= Panspoudastiki =

Panspoudastiki Kinisi Synergasias (PKS, Πανσπουδαστική Κίνηση Συνεργασίας, All Student Cooperation Movement) is the Communist Youth of Greece's (KNE) major branch in Greek universities which is affiliated with the Communist Party of Greece.

The group was founded shortly after the restoration of democracy in 1974 and the fall of the regime of the colonels. The newly appointed Karamanlis cabinet legalized Communist Party of Greece (KKE) shortly after its inauguration in 1975. KKE became a legitimate party after a period of political isolation that lasted from 1949 to 1975. Its legitimization was also a historical reconciliation between the two opposing factions of the Greek civil war. This movement played a vital role in the fight against the seven-year-long junta. PKS members were major participants during the 1973 Athens Students Polytechnic Uprising which played a role in the junta's fall.

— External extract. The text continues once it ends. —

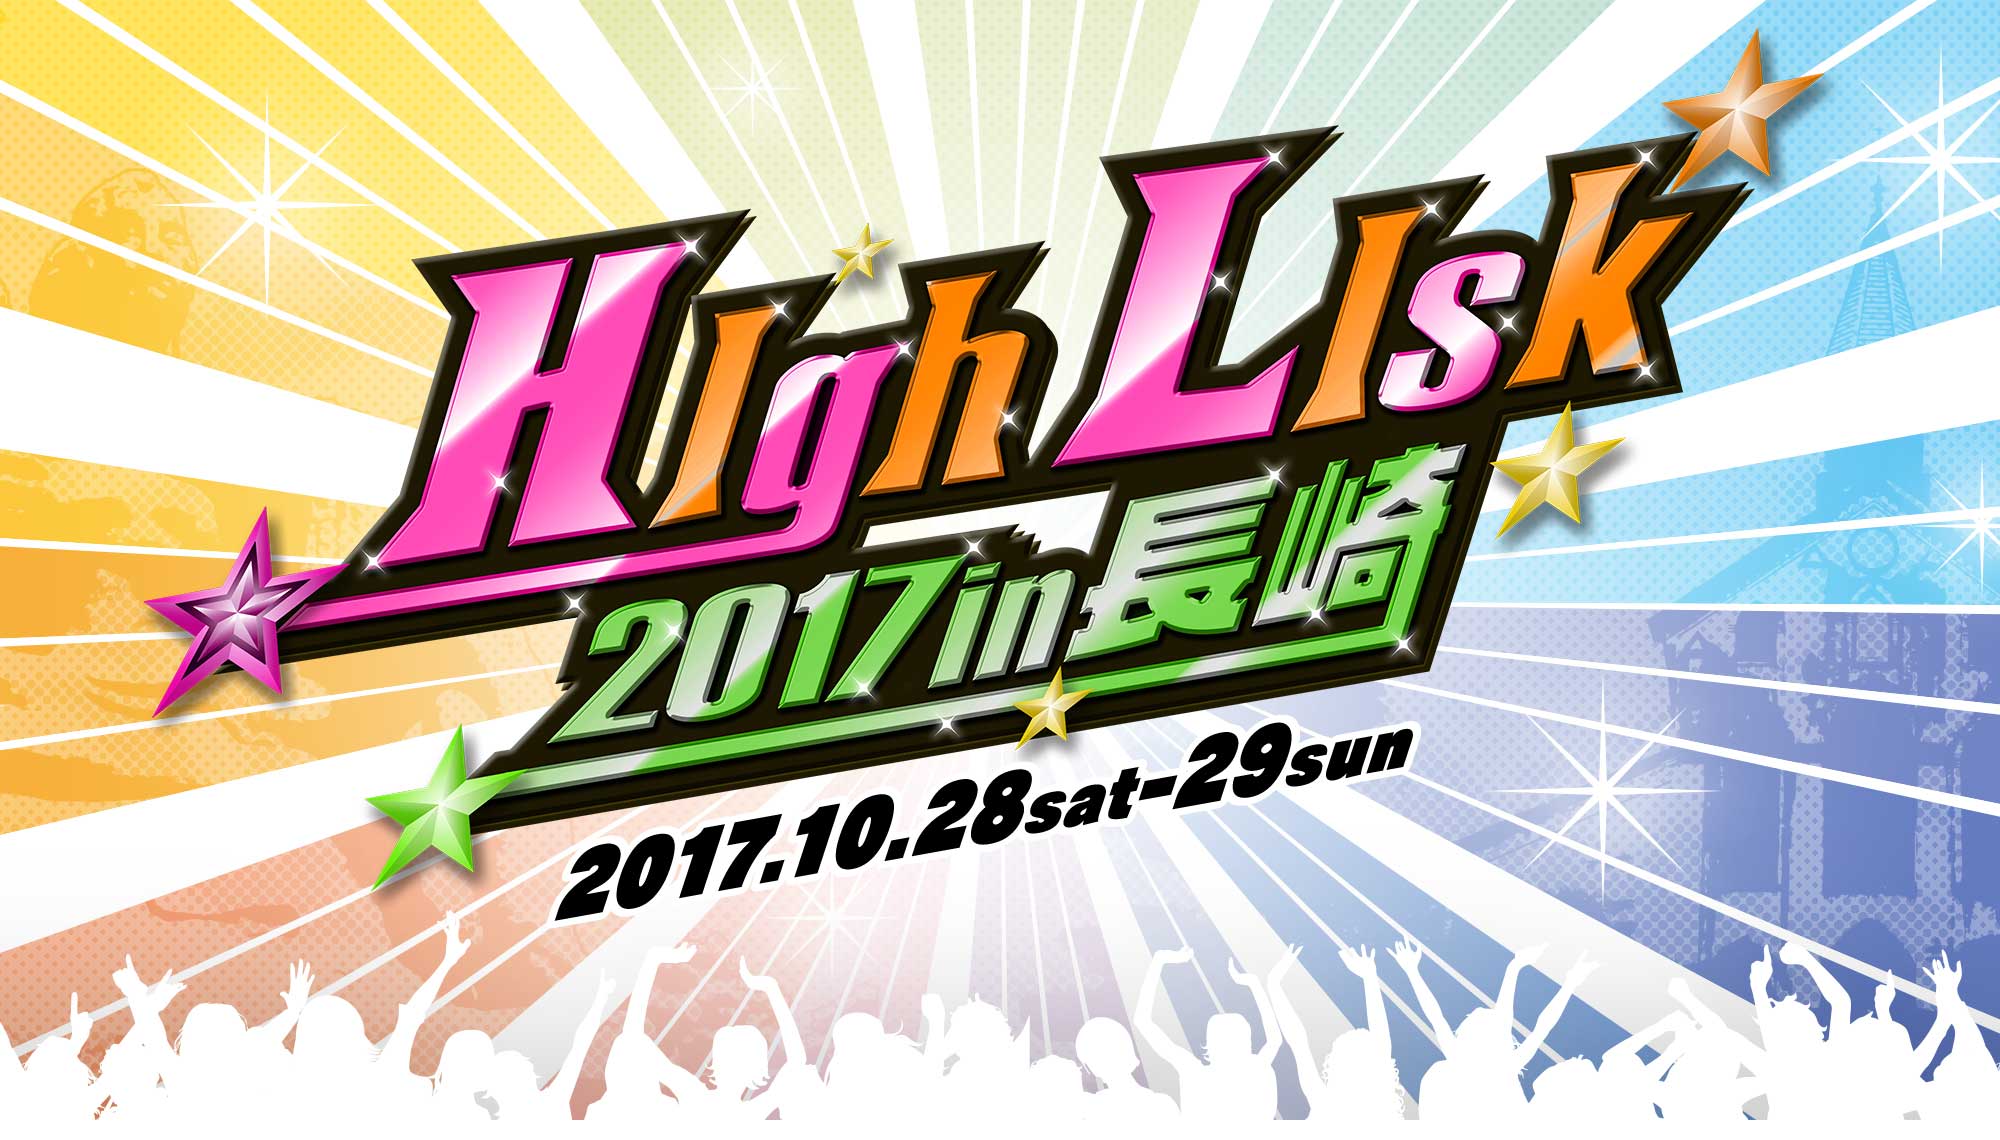 HighLisk2017 in 長崎

Panspoudastiki K.S. is supported by thousands of students. In May 2026, the PKS won student union elections for the fifth year in a row. In 2026, they won 19,632 votes, which was 35.04% of the total vote. It purports to fight for the prosperity and the education of Greek students, especially those from poor backgrounds. The PKS finds itself at odds with other left-wing and socialist parties in Greece like the Panhellenic Socialist Movement (PASOK), the New Democracy (ND) party, and SYN/SYRIZA. The Communist Party of Greece, with which the PKS is affiliated, will not enter into any party alliances until Greece is a socialist country by their definition.

Panspoudastiki K.S. supports free university for Greek students. It also claims to support athleticism, entertainment, environmental protection, democratic rights, the peace movement against imperialism and the fight against all kinds of drugs.